Here are four of the most common considerations and our recommended approach to them.
Choosing a school with a higher cut off points
Decide on a suitable school based on your child’s abilities.
At the top of the list for parents would be how much to sacrifice or compromise to get their child into the “best” school with a higher cut off point?
The assumption is that a school with a higher cut off point will produce better academic results. That assumption is not always true. If students are overstretched beyond their capability and capacity, they might not perform to the best of their abilities.
The key is “Suitability”. When assessing if a school is suitable for your child, it also means that you are required to know your child well.
Some children enjoy being a big fish in a small pond. Generally, they are motivated when they are ahead of their peers and their confidence drives them to want to maintain that lead.
A small fish in a big pond. Some children get complacent when they are the top achievers of their community. They are like the hare, which decides to take a nap while waiting for the tortoise to catch up. If you notice this trait in your child, it may be wiser to choose a school which has a higher cut off point so that he or she will be constantly challenged.
Choosing a school that is near to you
How far is the secondary school of choice from your home?
Distance is always a concern.

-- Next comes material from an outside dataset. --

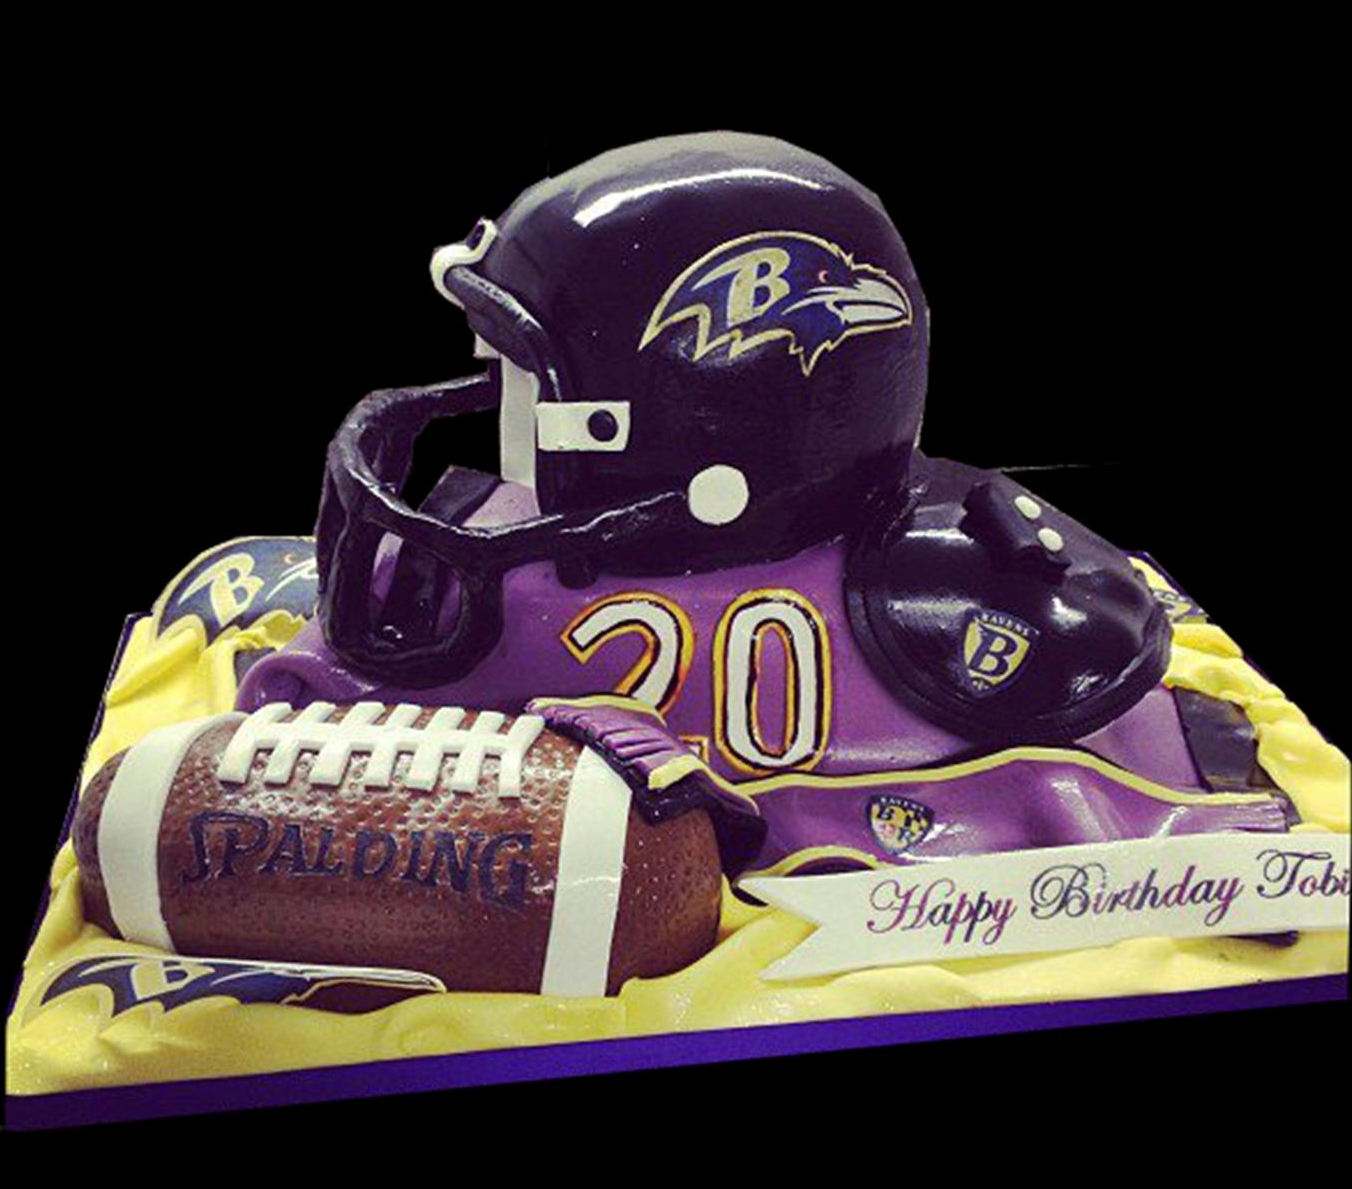 Baltimore Ravens Birthday Cake

Ideally, there would be a suitable school nearby you – but with 162 schools spread across the island, the temptation of a slightly further, “more suitable” school, is always there.
Here are some points to ponder about. How much further are the schools in consideration? Is it in the direction of peak traffic in the morning? Does the MRT reach the schools or only buses?
Excessive travelling is not recommended as it can be tiring and time-wasting. Time is a precious commodity. It can be better spent resting at home, doing their homework, or even playing after they have done their homework. These 3 options are definitely more constructive than travelling.
Choosing a school with a Co-curricular Activity (CCA) of your child’s interest
Ideally, our children can enjoy both the academic and non-academic programmes in the school. We would want our children to join a CCA that they are interested in and enjoy.
But the truth is that each school has its own CCA allocation policy. While your child can express their interest in a particular CCA, it does not guarantee that he or she will be assigned to that CCA. The differences in policies is due to a variety of reasons such as funding, number of CCAs and number of students in that cohort and individual school policies.
Help your child start a shortlist of CCAs that he/she would like to take up in secondary school.
It might be devastating to a child if he or she chooses a school because of a particular CCA but is not allocated that CCA in the end.
Instead, go through a number of CCAs with your child and help them appreciate the attributes that each CCA helps to hone. It will be good to cover all categories: Sports, Uniform Groups, Clubs & Societies and Arts & Aesthetics.
In doing so, while your child has a preference for a particular CCA, he or she also learns to appreciate the other CCAs. Should they not get their choice CCA, they will still be appreciative of the CCA they are allocated to.
You can shortlist schools by CCA by referring to the Secondary School Directory on EduMatters – and view the full list of CCAs for each school in their individual profile page.
You might find the following quote useful to help them learn.
“There’s no learning in the comfort zone, and no comfort in the learning zone.”
Choosing a school based on its mission, vision and philosophy
Parents sometimes look up a school’s mission, vision and philosophy (MVP) to see if they are aligned with their own personal philosophy. Parents can get a better idea of how the school is achieving it by looking at recent programs held by the school.
For example, Punggol Secondary School’s mission is “to provide pupils with a value-added education and opportunities to acquire knowledge, skills and values to deal confidently with future challenges.”
Find out what students of Punggol Secondary School thought of Project Resilience.
To help the students “deal confidently with future challenges”, Project Resilience was held in March for the graduating students. It involves a 26 km walk, starting from Changi Coastal Road and ending back at Punggol Secondary School.
You can tell how much impact this programme had on the students through their reflections after the project.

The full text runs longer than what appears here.